Despite not 'loving' The Red Queen' Philippa Gregory has me fully back on board with this one and I can't wait for The White Princess due out this year, and to catch up with 'Lady Of The Rivers' and 'The Other Queen'

  Verdict : Awesome 10/10

Destination : Pass to my friend

Book #39 1984 by George Orwell

1984

Length Of Time In Possession : 6 yrs minimum

1984 is the incredibly famous final work from George Orwell. Despite not having read it, I came to it feeling like I knew "too much" about it, simply because it has seeped into popular culture so much. Particularly for me, I'd had the novel completely spoilered by the BBC series done by Sebastian Faulks 'On Fiction' so I always knew the end and several aspects of the storyline which in a way was frustrating.

Somehow knowing what was coming added pathos to the novel for me in many areas. Winston Smith lives in a totalitarian regime which constantly reminded me of what is known of modern day North Korea, in many ways the novel, published in 1949, proves prophetic not just for societies like North Korea but also for our own.

In particular I wondered what Orwell would have made of the TV series that bears the name of omniscient overseer 'Big Brother' - basically a series which regularly exhibits the worst of society.
Again the series 'Room 101' a jocular take on a place which was, truly, the stuff of nightmares.

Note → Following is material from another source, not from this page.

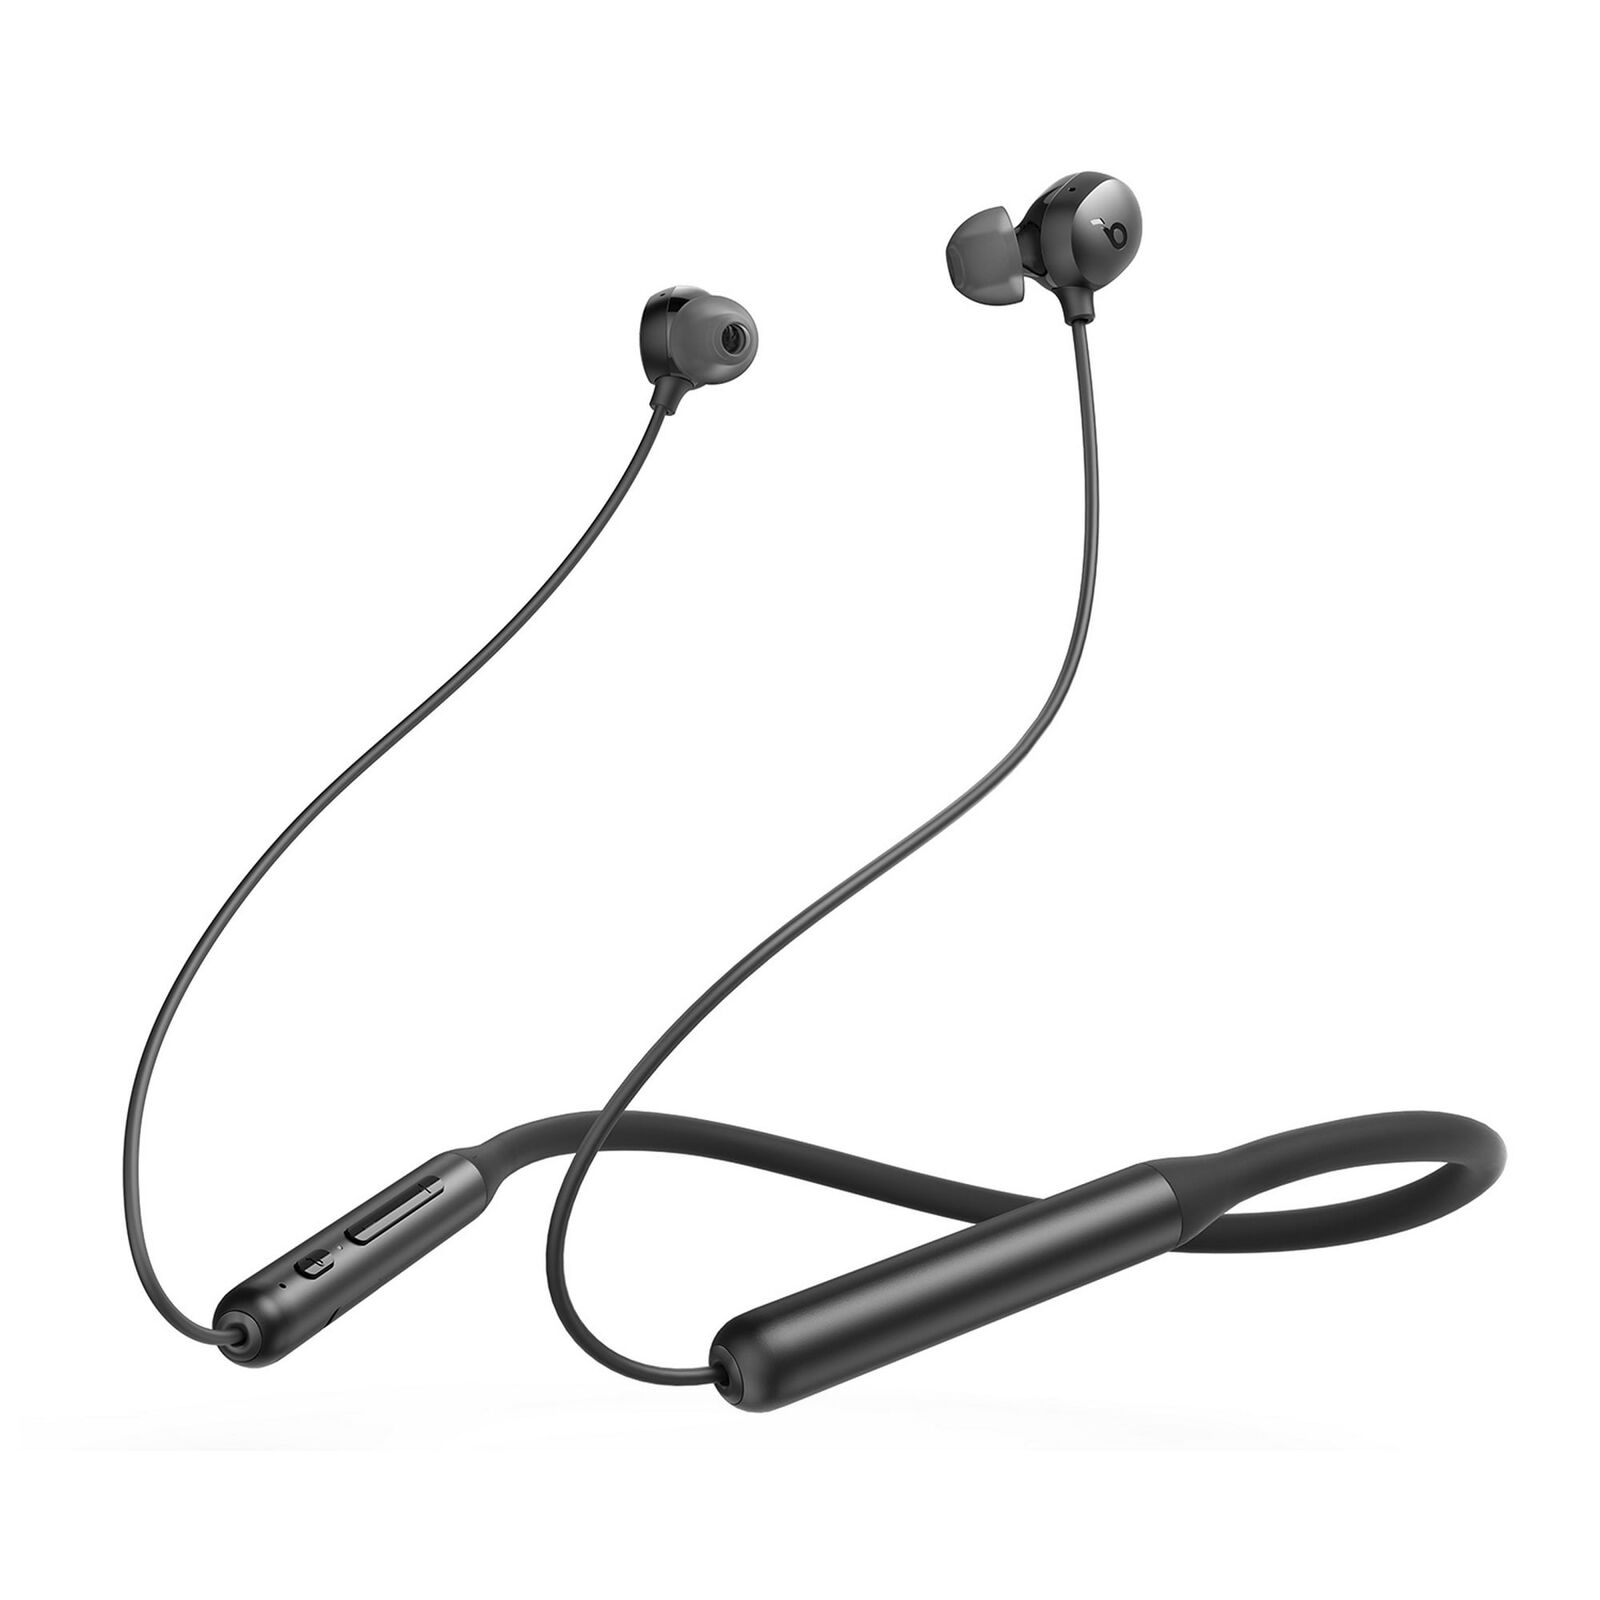 Soundcore Life U2i Bluetooth Neckband Headphones Ergonomic Sports Headset IPX5

Winston Smith is a subversive living in Oceania : a conglomerate of the English speaking Western States perpetually at war with the others. Winston Smith seeks to be part of the revolution, and join 'The Brotherhood' those working against 'Big Brother'

There were parts of 1984 in terms of the prose that I really enjoyed. I particularly liked these quotes :

 "Why should it be intolerable unless one had some kind of ancestral memory that things had once been different?"

"Perhaps a lunatic was simply a minority of one. At one time it had been a sign of madness to believe that the Earth goes round the sun : today that the past is unalterable. He might be alone in holding that belief, and if alone, then a lunatic. But the thought of being a lunatic did not greatly trouble him : the horror was that he might also be wrong"

That last quote particularly I thought was sheer brilliance.

Where the experience of the novel faltered for me was the lengthy 25 page inclusion of the treatise of Emmanuel Goldstein which struck me as a polemic and a sociology lesson. At this point, I felt not that I was reading a novel for enjoyment but that I was back in Sixth Form studying for my A Levels.

All in all for me, this book is a permanent must read for the human race as a whole, not just for its content but for the prose of itself. Though I did know many of the things that came to pass, it did not stop me marvelling at how good this book is and how pertinent it remains today.

Verdict : 9/10

Destination : Pass on or charity shop 
 

Book #38 The Vesuvius Club by Mark Gatiss

The Vesuvius Club

Length Of Time In Possession : 6 yrs minimum

The Vesuvius Club begins a trilogy of tales about one Lucifer Box, he lives in Downing Street (someone has to) and works for King and Country behind the scenes in the earliest form of national espionage.

Devilish Lucifer becomes embroiled in a mystery surrounding a group of connected men and their mysterious references to the "V.C" as well as helping out friends in trouble and courting a very attractive lady.

Written in 19th Century style but with the ability to include things unmentionable in that era, The Vesuvius Club from the celebrated contributor to both Sherlock and Doctor Who is very witty and incredibly good fun, some of the turns of phrase he uses really made me laugh, and I instantly thought of certain friends who would definitely enjoy this.

Amazon reviews (an average of 3.5 stars) seem to rate this quite low, which confuses me. It's a really great old fashioned romp, and detective story, with original characters. Yes the ending is rather over the top and silly, but it's a fun piece not taking itself seriously. I could clearly see this as a successful TV series and will definitely read its sequels.